Opinion: Why Was Casey Johnson Allowed to Adopt?

Related: Casey Johnson Dead at 30. Tila Tequila Tweets During Loss of Her Heiress Fiancee

Casey Johnson with her daughter Ava at an event in Beverly Hills, Calif., on Feb. 21, 2008. Credit: Amy Graves, WireImage

The recent death of Johnson & Johnson heiress Casey Johnson is a classic American tragedy: Poor little rich girl, living fast and dying young. However, what is even more distressing is the fact that she leaves behind a 3-year-old daughter, Ava-Monroe, adopted from Kazakhstan in 2007.

Johnson, 30, was found dead in her Los Angeles home Jan. 4, according to The New York Times. The daughter of New York Jets owner Woody Johnson, Casey was also the great-great-granddaughter of the co-founder of Johnson & Johnson, the health products manufacturer.

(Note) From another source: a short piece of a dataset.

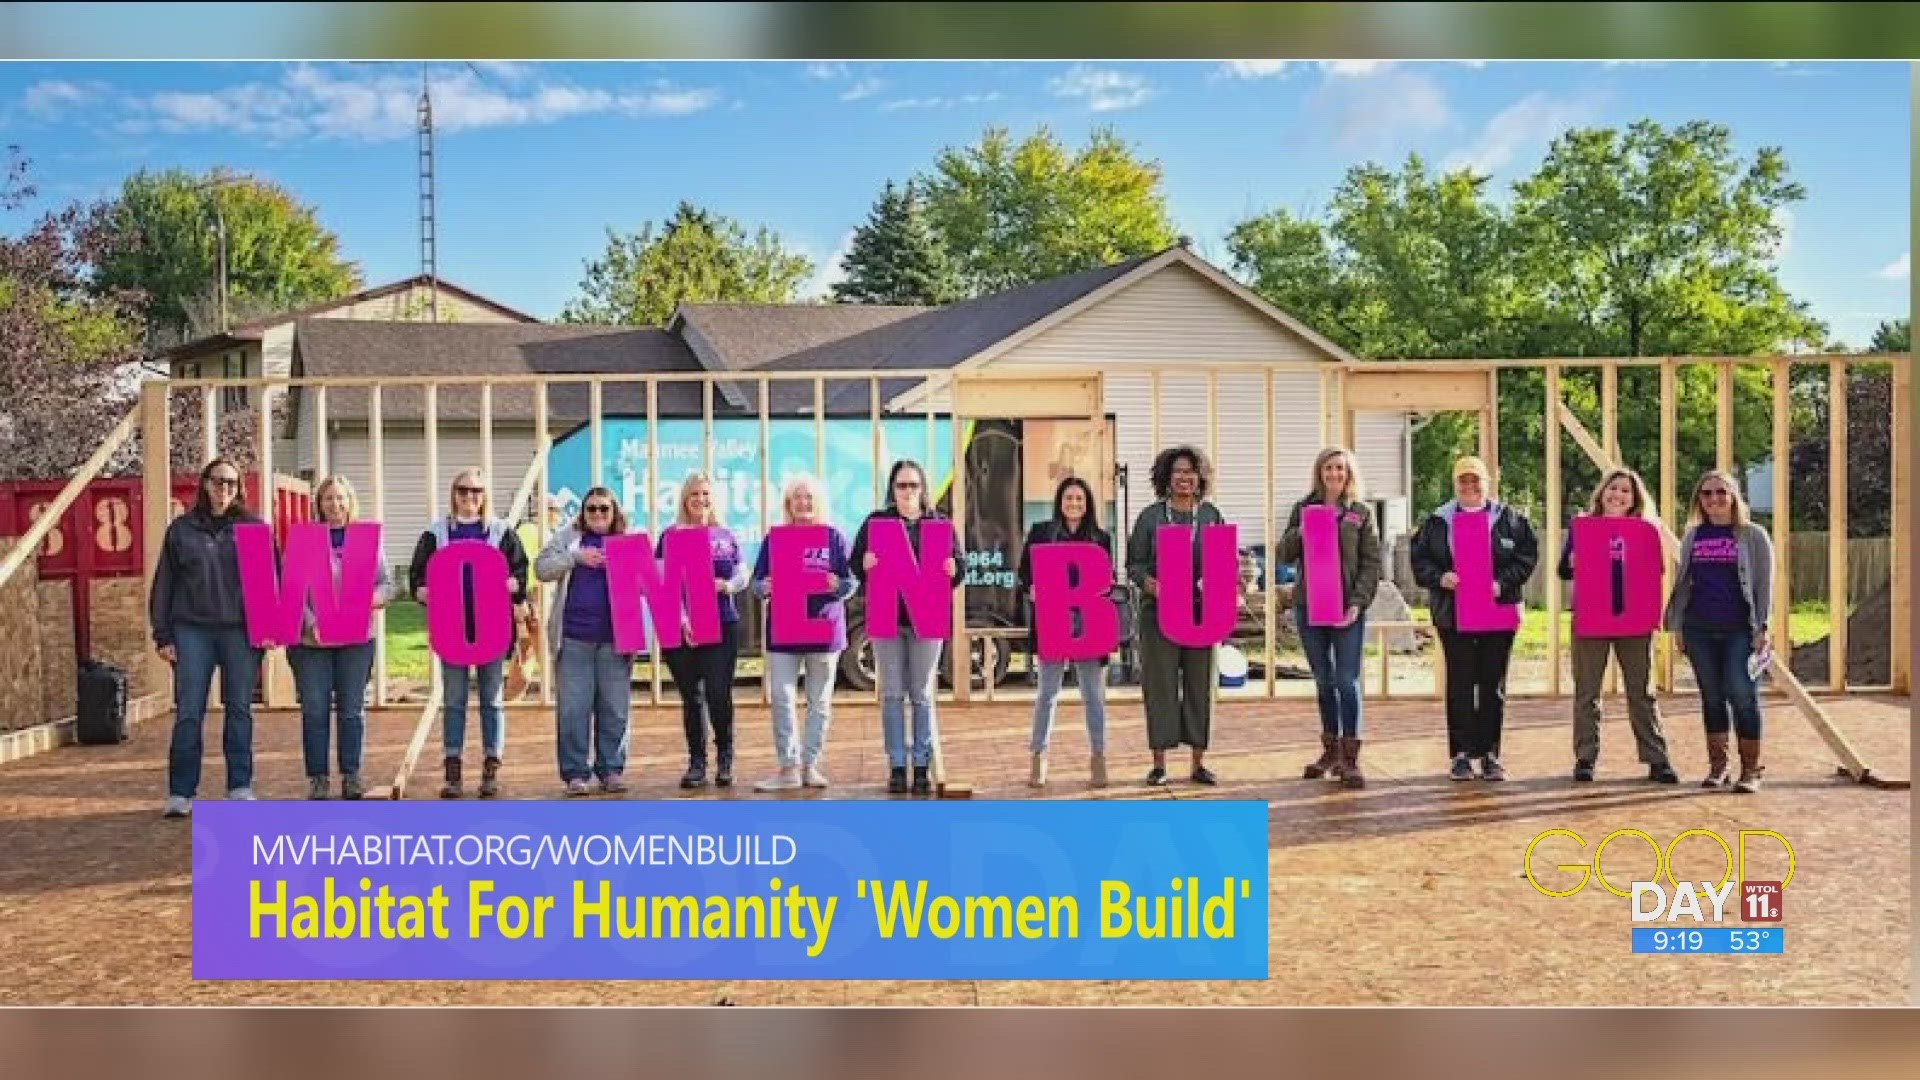 Nate Reid from Habitat for Humanity and Julie, a future homeowner, talk the 'Women's Build' and how the organization promotes gender equity and independence.

The socialite moved in star-studded circles and counted among her best friends Paris and Nicky Hilton. Her lifestyle was far from stable, as revealed by the fact that her mother, Sale, felt it necessary to take custody of Ava, The Huffington Post reports. Just last month, Johnson and her girlfriend, reality TV star Tila Tequila, flew from Los Angeles to New York City in an attempt to regain custody of the child -- and came home empty-handed.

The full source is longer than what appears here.